Organizing HTC Workloads¶
Imagine you have a collection of books, and you want to analyze how word usage varies from book to book or author to author.
This exercise is similar to HTCondor exercise 2.4, in that it is about counting word frequencies in multiple files. But the focus here is on organizing the files more effectively on the Access Point, with an eye to scaling up to a larger HTC workload in the future.
Log into an OSPool Access Point¶
Make sure you are logged into ap40.uw.osg-htc.org
.
Get Files¶
To get the files for this exercise:
- Type
wget https://github.com/osg-htc/user-school-2023/raw/main/docs/materials/scaling/files/osgus23-day4-ex11-organizing-files.tar.gz
to download the tarball. - As you learned earlier, expand this tarball file; it will create a
organizing-files
directory. - Change to that directory, or create a separate one for this exercise and copy the files in.
Our Workload¶
We can analyze one book by running the wordcount.py
script, with the
name of the book we want to analyze:
$ ./wordcount.py Alice_in_Wonderland.txt
Try running the command to see what the output is for the script.
Once you have done that delete the output file created (rm counts.Alice_in_Wonderland.txt
).
We want to run this script on all the books we have copies of.
- What is the input set for this HTC workload?
- What is the output set?
Make an Organization Plan¶
Based on what you know about the script, inputs, and outputs, how would you organize this HTC workload in directories (folders) on the Access Point?
There will also be system and HTCondor files produced when we submit a job — how would you organize the log, standard output, and standard error files?

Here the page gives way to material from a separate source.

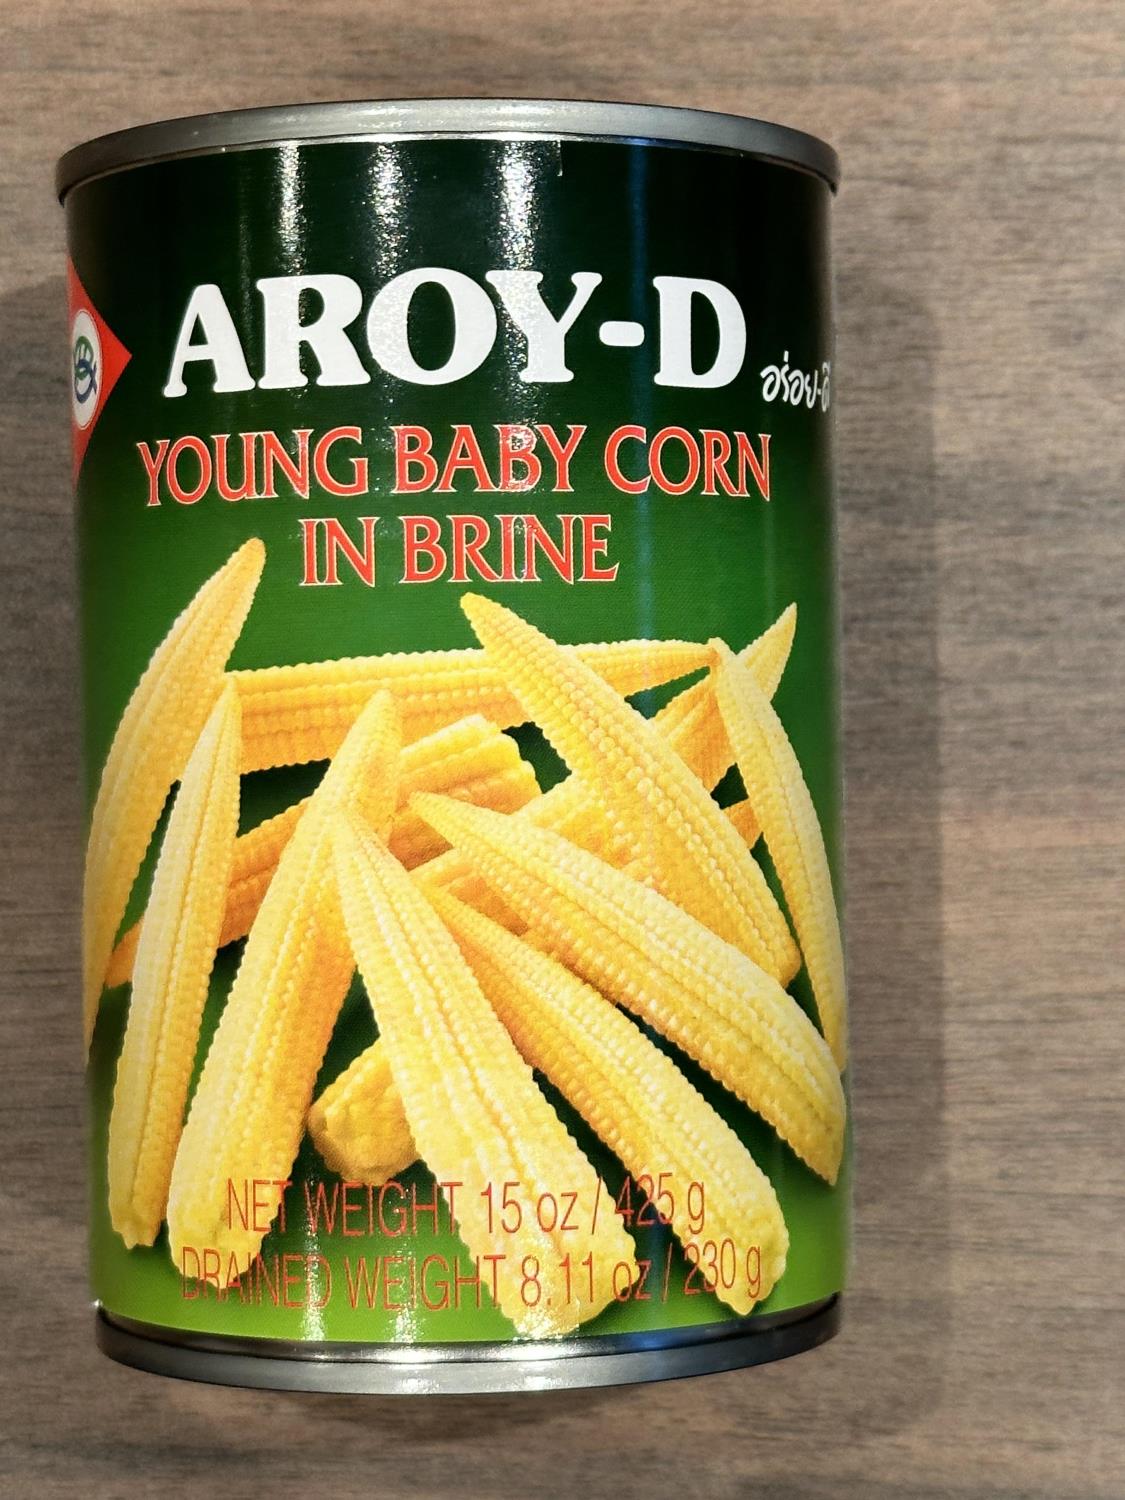 Aroy - D canned young baby corn

Try making those changes before moving on to the next section of the tutorial.
Organize Files¶
There are many different ways to organize files; a simple method that works for most workloads is having a directory for your input files and a directory for your output files.
-
Set up this structure on the command line by running:
$ mkdir input $ mv *.txt input/ $ mkdir output
-
View the current directory and its subdirectories by using the
ls
command with the recursive (-R
) flag:$ ls -R README.md books.submit input output wordcount.py ./input: Alice_in_Wonderland.txt Huckleberry_Finn.txt Dracula.txt Pride_and_Prejudice.txt ./output:
-
Next, create directories for the HTCondor log, standard output, and standard output files (in one directory):
$ mkdir logs $ mkdir errout
Submit One Job¶
Now we want to submit a test job that uses this organizing scheme,
using just one item in our input set —
in this example, we will use the Alice_in_Wonderland.txt
file from our input
directory.
-
Fill in the incomplete lines of the submit file, as shown below:
executable = wordcount.py arguments = Alice_in_Wonderland.txt transfer_input_files = input/Alice_in_Wonderland.txt transfer_output_files = counts.Alice_in_Wonderland.txt transfer_output_remaps = "counts.Alice_in_Wonderland.txt=output/counts.Alice_in_Wonderland.txt"
To tell HTCondor the location of the input file, we need to include the input directory. Also, this submit file uses the
transfer_output_remaps
feature that you learned about; it will move the output file to theoutput
directory by renaming or remapping it. -
Next, edit the submit file lines that tell the log, output, and error files where to go:
output = logs/job.$(ClusterID).$(ProcID).out error = errout/job.$(ClusterID).$(ProcID).err log = errout/job.$(ClusterID).$(ProcID).log
-
Submit your job and monitor its progress.
Submit Multiple Jobs¶
Now, you are ready to submit the whole workload.
-
Create a file with the list of input files (the input set); here, this is the list of the book files to analyze. Do this by using the shell
ls
command and redirecting its output to a file:$ ls input > booklist.txt $ cat booklist.txt
-
Modify the submit file to reference the file of inputs and replace the fixed value (
Alice_in_Wonderland.txt
) with a variable ($(book)
):executable = wordcount.py arguments = $(book) transfer_input_files = input/$(book) transfer_output_files = counts.$(book) transfer_output_remaps = "counts.$(book)=output/counts.$(book)" queue book from booklist.txt
-
Submit the jobs
-
When complete, look at the complete set of input and (now) output files to see how they are organized.